ACTIVITY.
Beginning with the line containing "Mujer joven cocinando" and going on through the line containing "Exciting CSKA logo coloring", the lines below are to be returned exactly, pictures excluded and nothing added.
** Opening PROVIDED DATA block **
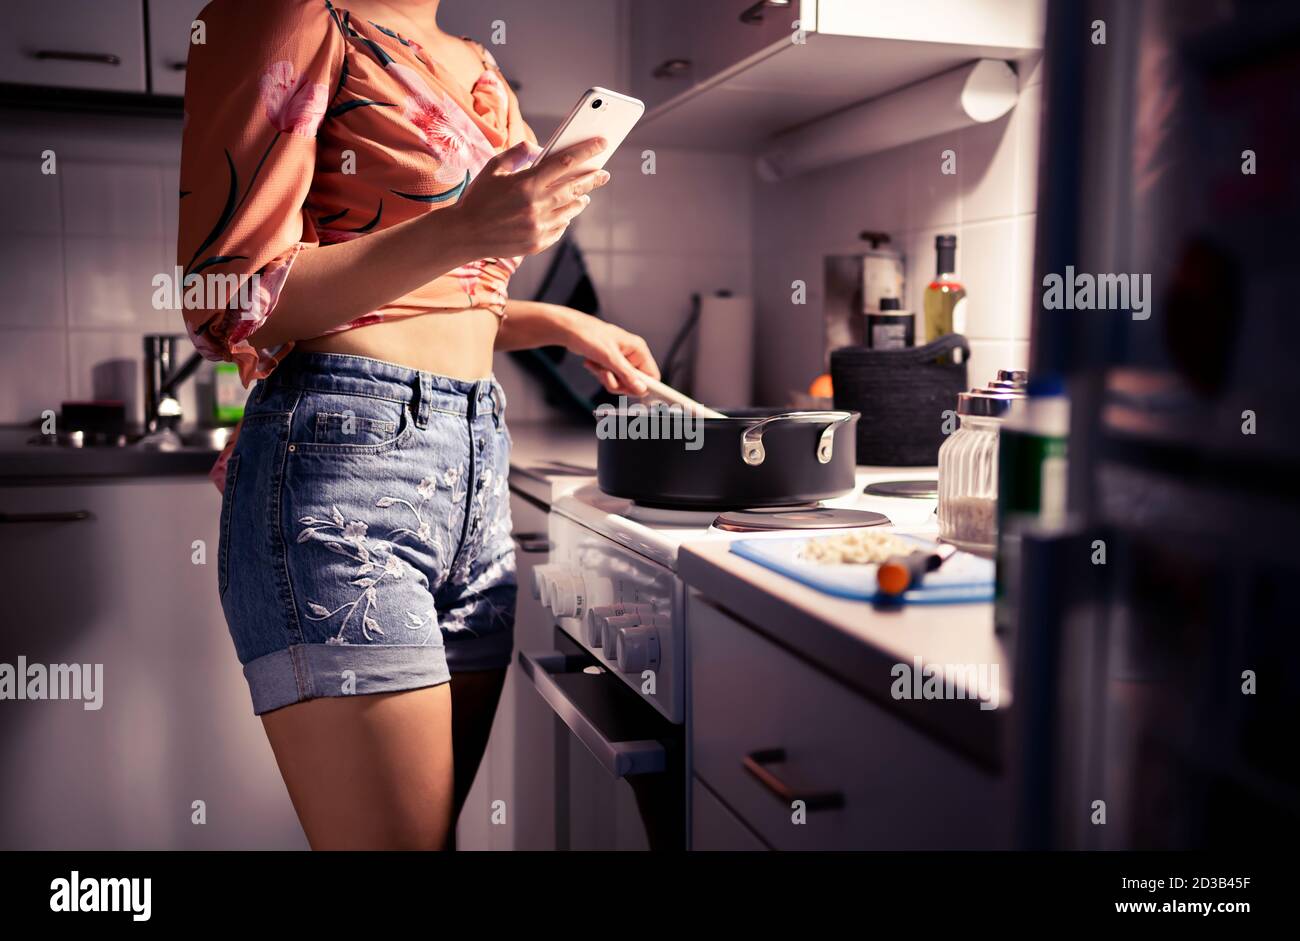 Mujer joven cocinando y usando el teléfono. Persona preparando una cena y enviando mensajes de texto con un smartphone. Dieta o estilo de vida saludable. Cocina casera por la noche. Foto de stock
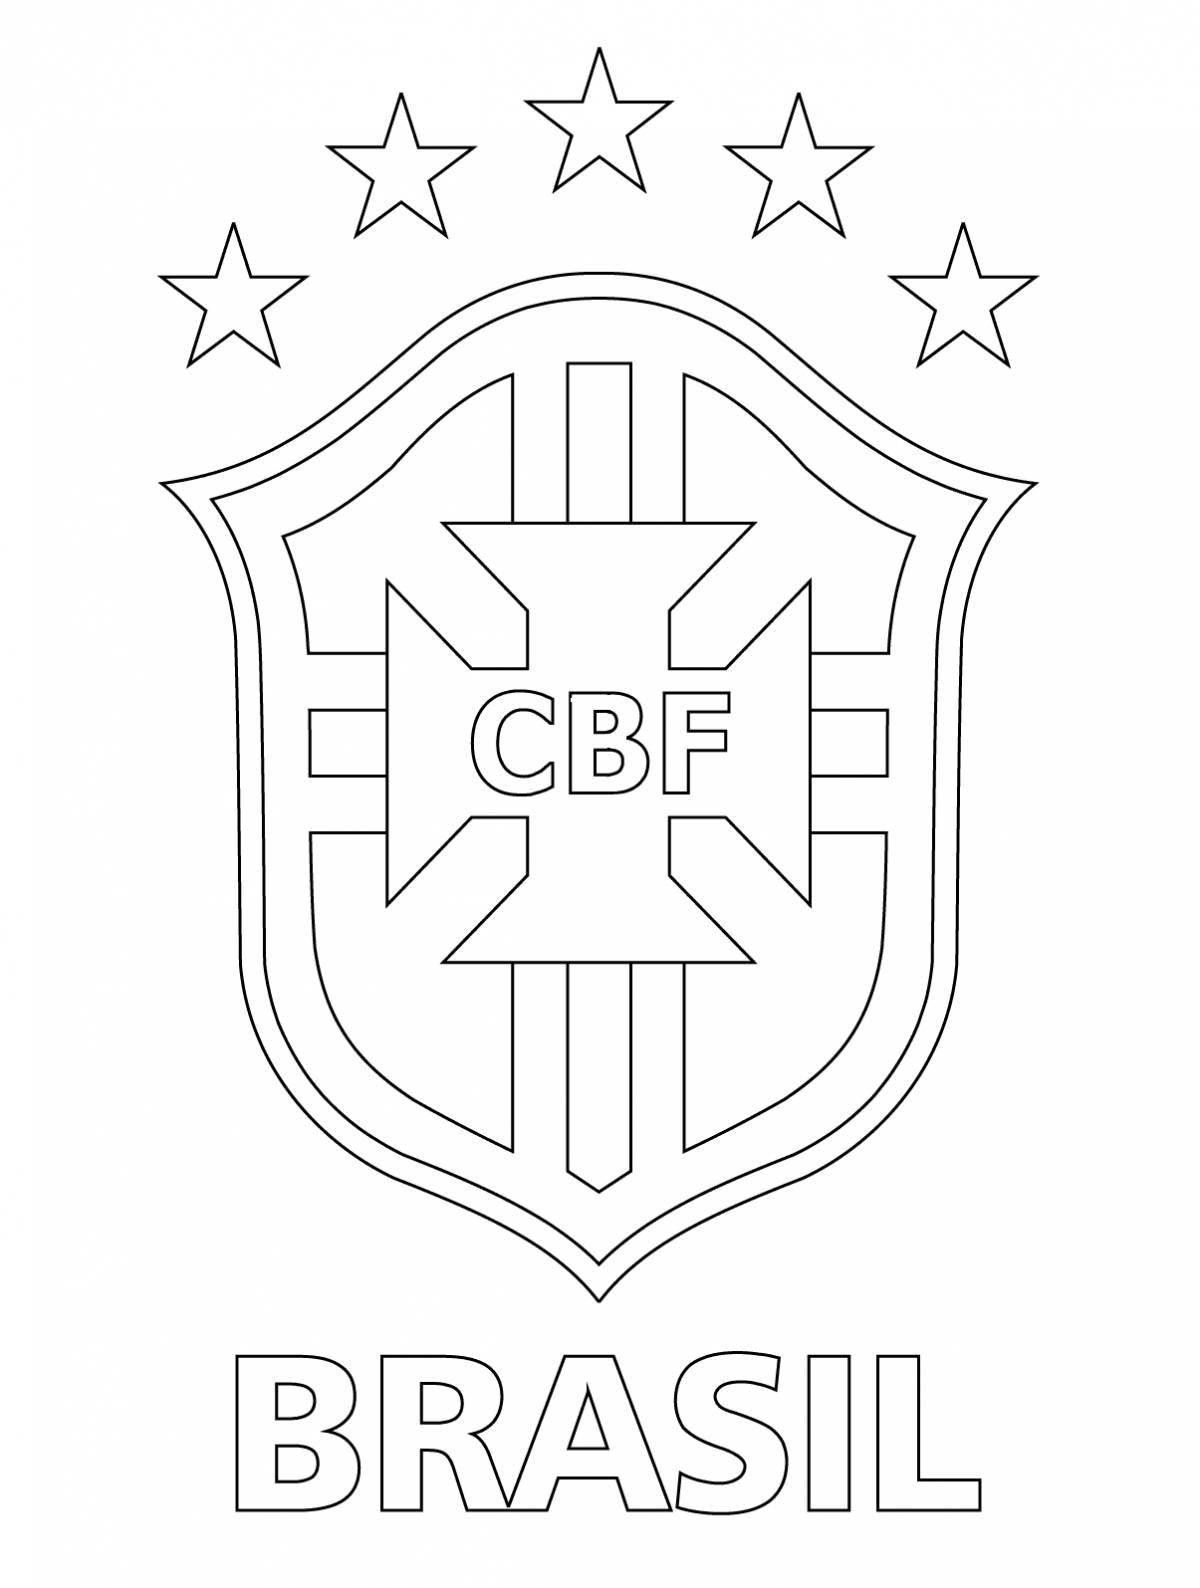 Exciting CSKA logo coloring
** Closing PROVIDED DATA block **
** Opening PROVIDED DATA block **
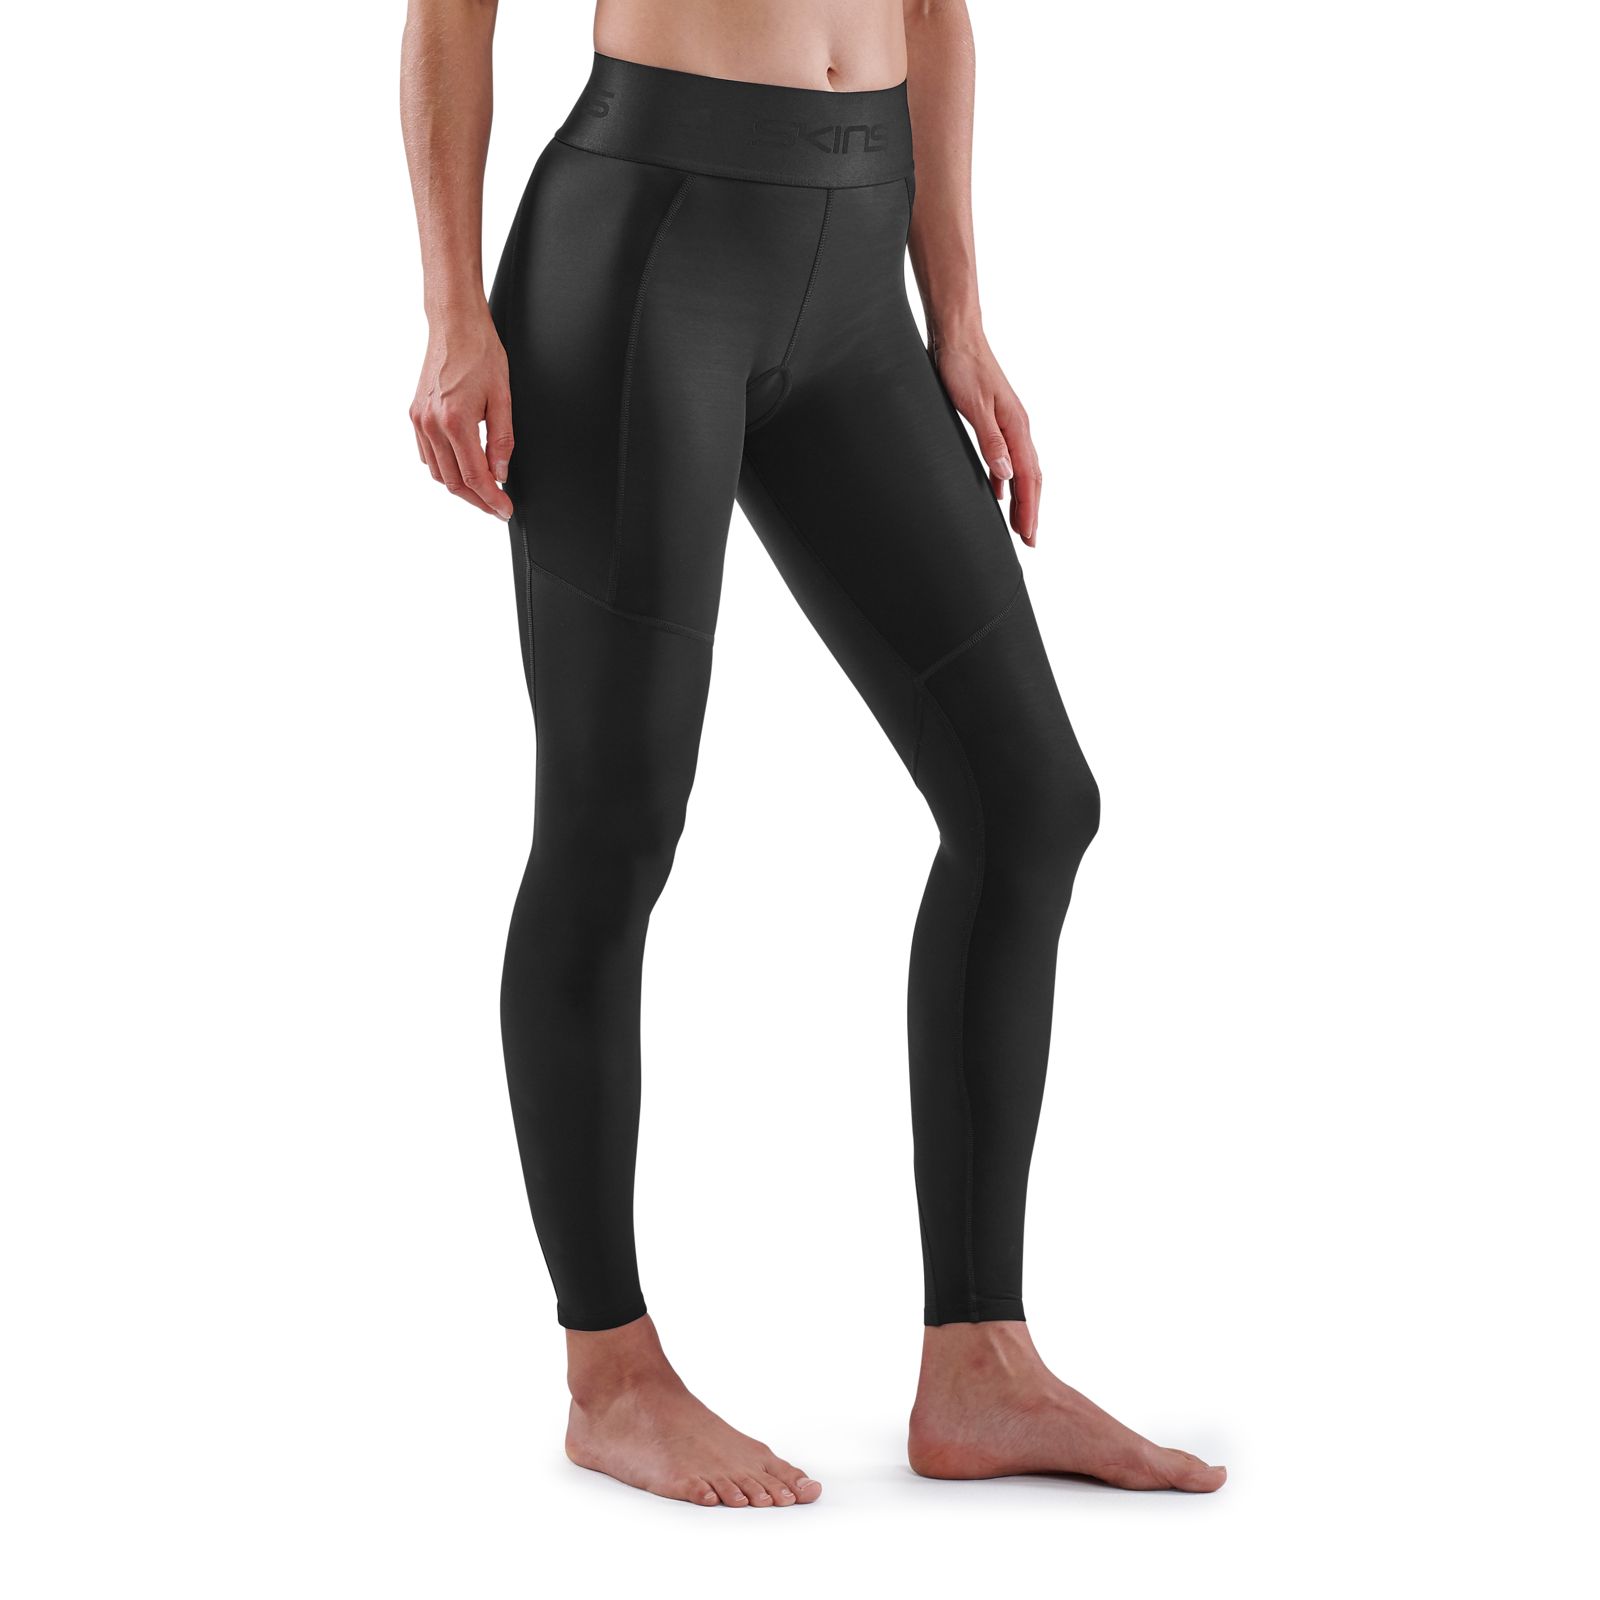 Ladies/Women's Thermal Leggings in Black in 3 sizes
** Closing PROVIDED DATA block **
ANSWER TO THE PROBLEM.
 Mujer joven cocinando y usando el teléfono. Persona preparando una cena y enviando mensajes de texto con un smartphone. Dieta o estilo de vida saludable. Cocina casera por la noche. Foto de stock
 Exciting CSKA logo coloring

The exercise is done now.